D. Jacquemain, F. Leveiller, S.P. Weinbach, M. Lahav, L. Leiserowitz, K. Kjær, J. Als-Nielsen

    Research output: Contribution to journalJournal articleResearchpeer-review

    Abstract

    Uncompressed insoluble amphiphilic molecules possessing linear hydrocarbon chains CnH2n+1X (n = 23, 30, 31, X = OH; n = 29, X = COOH; and n = 19, X = CONH2) spontaneously form large two-dimensional (2-D) crystalline clusters over pure water at low temperature (5 °C). These 2-D crystallites were detected and their structures were solved using grazing incidence X-ray diffraction (GID). Their packing arrangements are described in terms of 2-D space-group symmetry and hydrocarbon-chain packing.
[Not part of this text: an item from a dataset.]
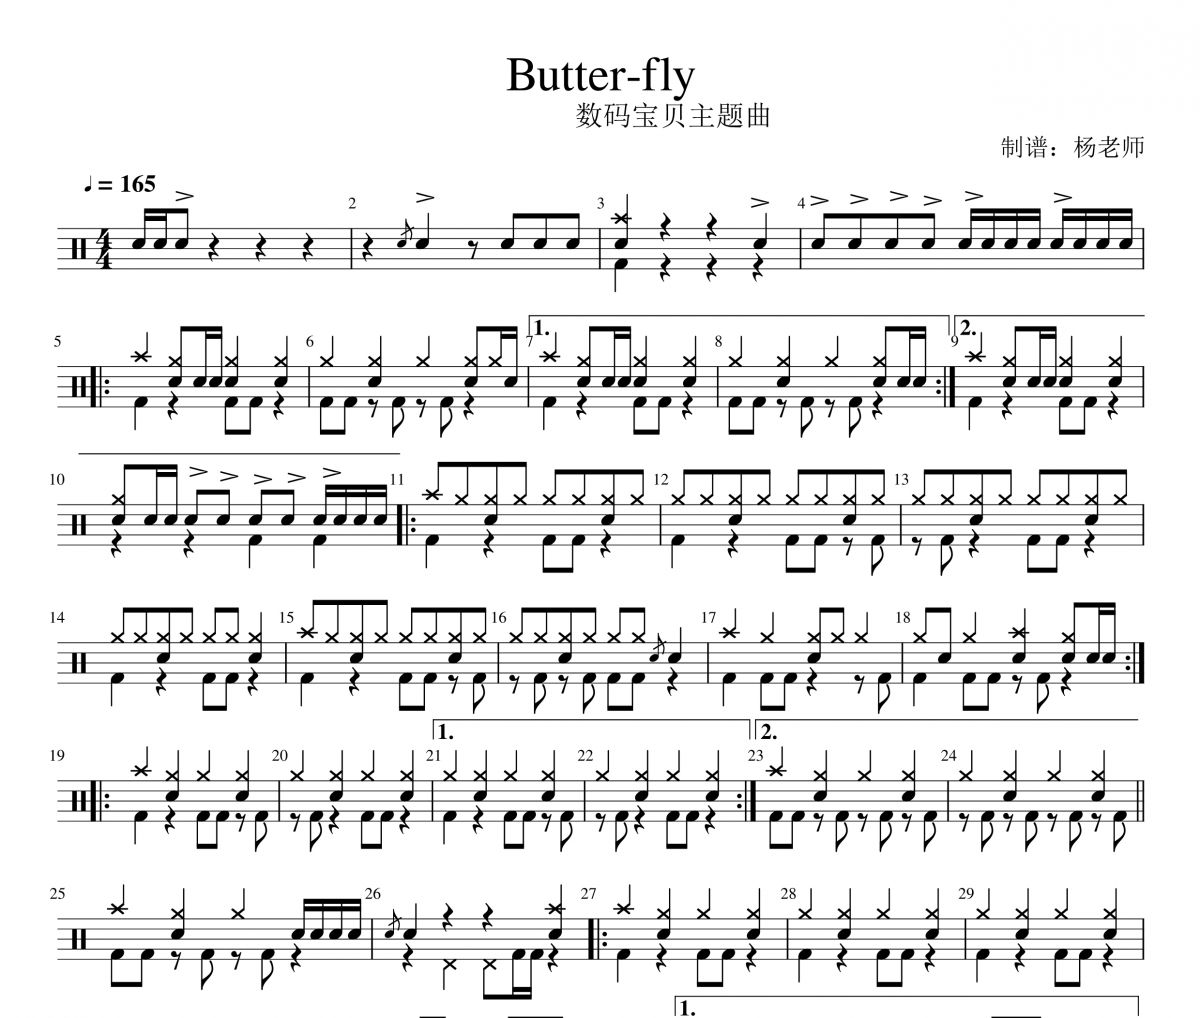 数码宝贝主题曲 Butter-fly架子鼓|爵士鼓|鼓谱 杨老师制谱

All the crystal structures display rectangular unit cells containing two molecules that are probably related by glide symmetry in the 2-D space group pg for the alcohol (X = OH) and the acid (X = COOH) and by translation symmetry in the 2-D space group p1 for the amide (X = CONH2). The alcohol molecules are tilted by 8–11° from the vertical toward next-nearest neighbors, the tilt angle being dependent on the chain length. The amide and the acid molecules are tilted toward nearest neighbors by 18° and 26°, respectively. The positional correlation lengths of the crystallites were found to be anisotropic; they extend over only 35–95 spacings parallel to the molecular tilt direction, but over 135–270 spacings perpendicular to it. The similarity of chain packing in the 2-D crystallites and in three-dimensional (3-D) crystals of aliphatic amphiphilic molecules is clearly established. These crystallites may therefore, on the water surface, mimic crystallization mechanisms observed in 3-D systems.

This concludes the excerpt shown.